Military Aircraft Survivability
This extended section of the book can be found on the Web site www. cambridge .org/Kundu and presents a typical military turbofan survivability consideration in the following subsections.
15.10.1 Military Emergency Escape
The subsection introduces a typical ejection seat and ejection sequences as a survivability issue with the following figures.
Figure 15.42. Typical military aircraft ejection seat Figure 15.43. Typical ejection sequence
Figure 15.44. Typical ejection sequence showing separation of seat and parachute deployment
15.10.2 Military Aircraft Stealth Consideration
The subsection introduces various military aircraft stealth considerations and strategies as survivability issues. It covers system integration of operational needs before, during, and after combat (e. g., audio-visual detection, radar signature, heat signature, on-board passive system, use of defensive aids, secure communication, onboard stand-alone navigational system, and returning to home base).
15.10.3 Low Observable (LO) Aircraft Configuration
The subsection deals with military aircraft typical stealth considerations issues such as heat and radar signature suppression as survivability issues. Following are the figures in this subsection.
Figure 15.45. Typical comparisons of radar signatures (sphere versus stealth aircraft)

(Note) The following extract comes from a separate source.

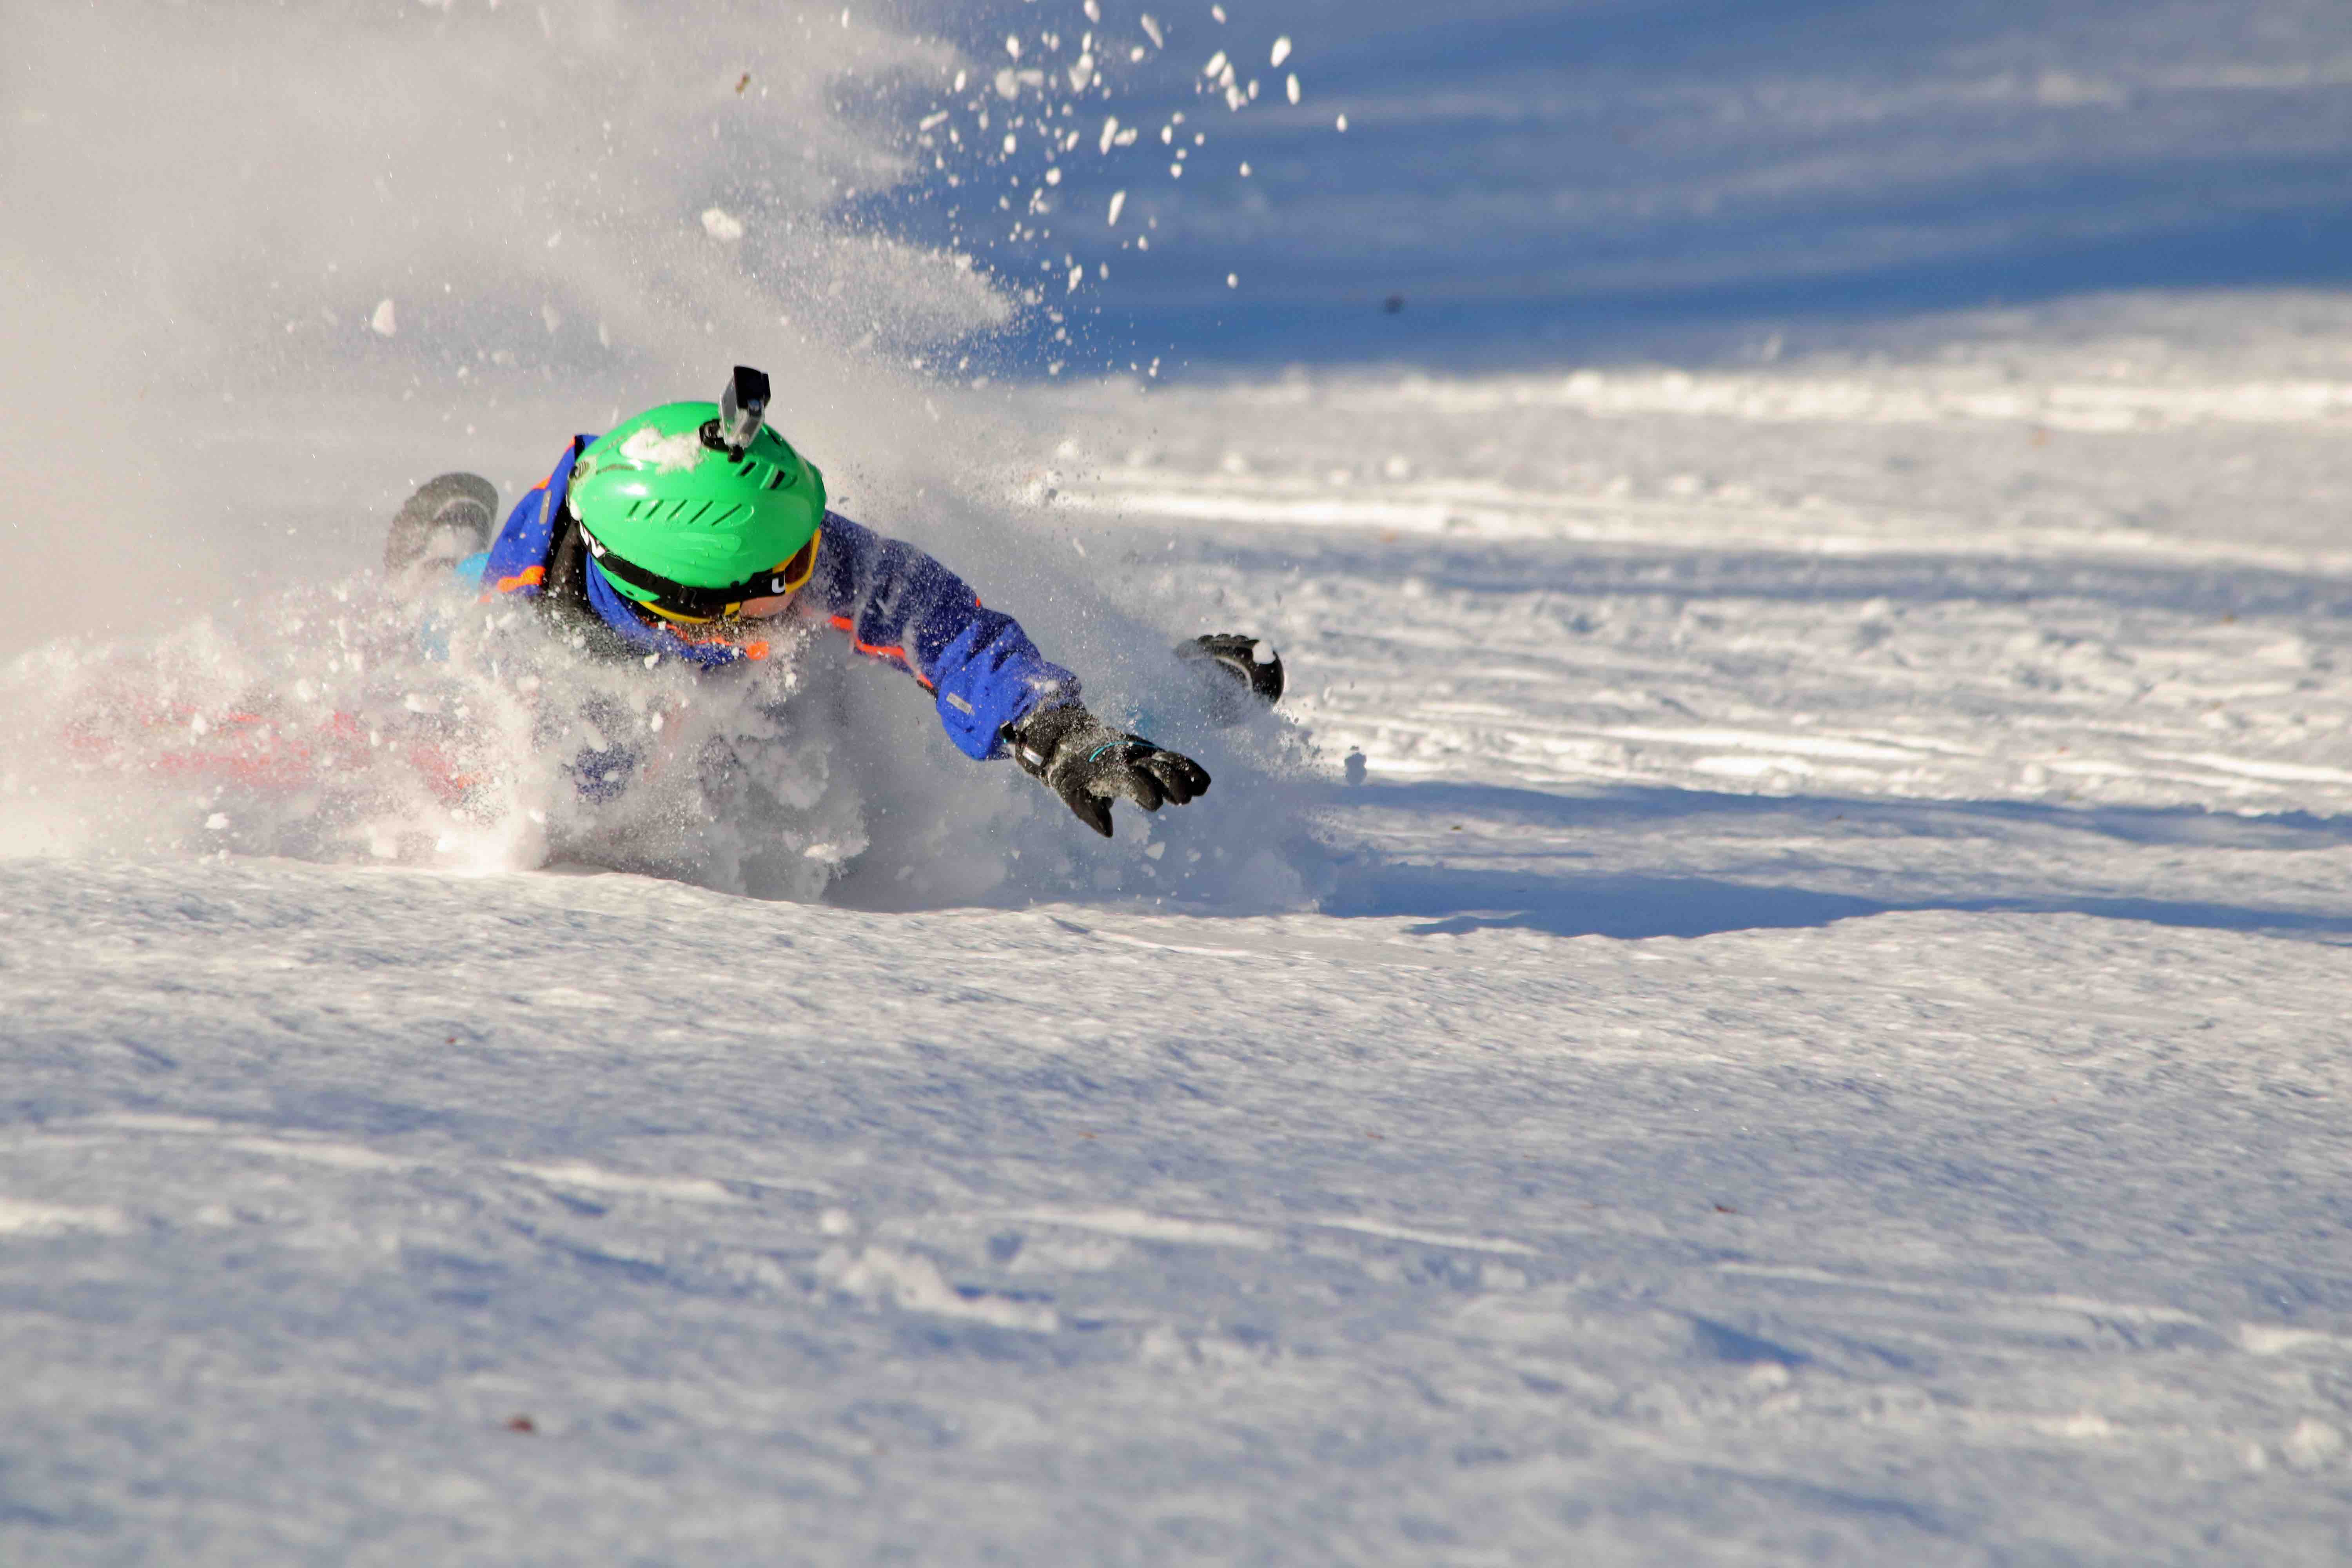 Winter Sport Injuries for Children

Figure 15.46. Three stealth aircraft configurations
15.10 Emerging Scenarios
There have been four emerging topics: two concerning terrorist activities, one concerning health issues, and one ongoing problem related to aircraft debris on the runway. This section familiarizes future designers with the types of problems they may face related to these topics.
Counterterrorism Design Implementation
Much thought is now applied to ways to counter onboard terrorism. These topical considerations have yet to be determined for implementation. There is concern about the increased weight and cost of an aircraft. Some design-change ideas are as follows:
1. Install a bulletproof flight-deck barrier at the cockpit door. Compartmentalize the cabin to isolate trouble. Whether these measures are effective must be debated, but aircraft designers must use foresight rather than hindsight.
2. Improve the structural integrity of the cargo compartment/bay against in-flight explosions. The space below the floorboards must be compartmentalized and have a shock-absorbing, impact-resisting shell structure to retain integrity in the event of an explosion.
3. The aircraft flight system must have an automated-recovery ability, homing to the nearest landing field (military aircraft already have this type of system).
The steady annual increase in the number of passengers crossing international boundaries results in health issues that must be addressed. Space must be allotted to treat and isolate patients (like on cruise ships). Until recently, this measure was on an ad-hoc basis; however, manufacturers can increase market appeal by providing health-care facilities, especially for larger aircraft with long flight durations. Cardiovascular conditions, pregnancies, infections, and other emergency-health scenarios are increasing during international flights.
Damage from Runway Debris
The catastrophic crash of the Concorde was a result of runway debris hitting the fuel tank, which then burst into flames. Vulnerable areas must be protected with stronger impact-resistant materials. This is a relatively simple task but designers must examine the point in new designs, which does incur additional weight and cost considerations.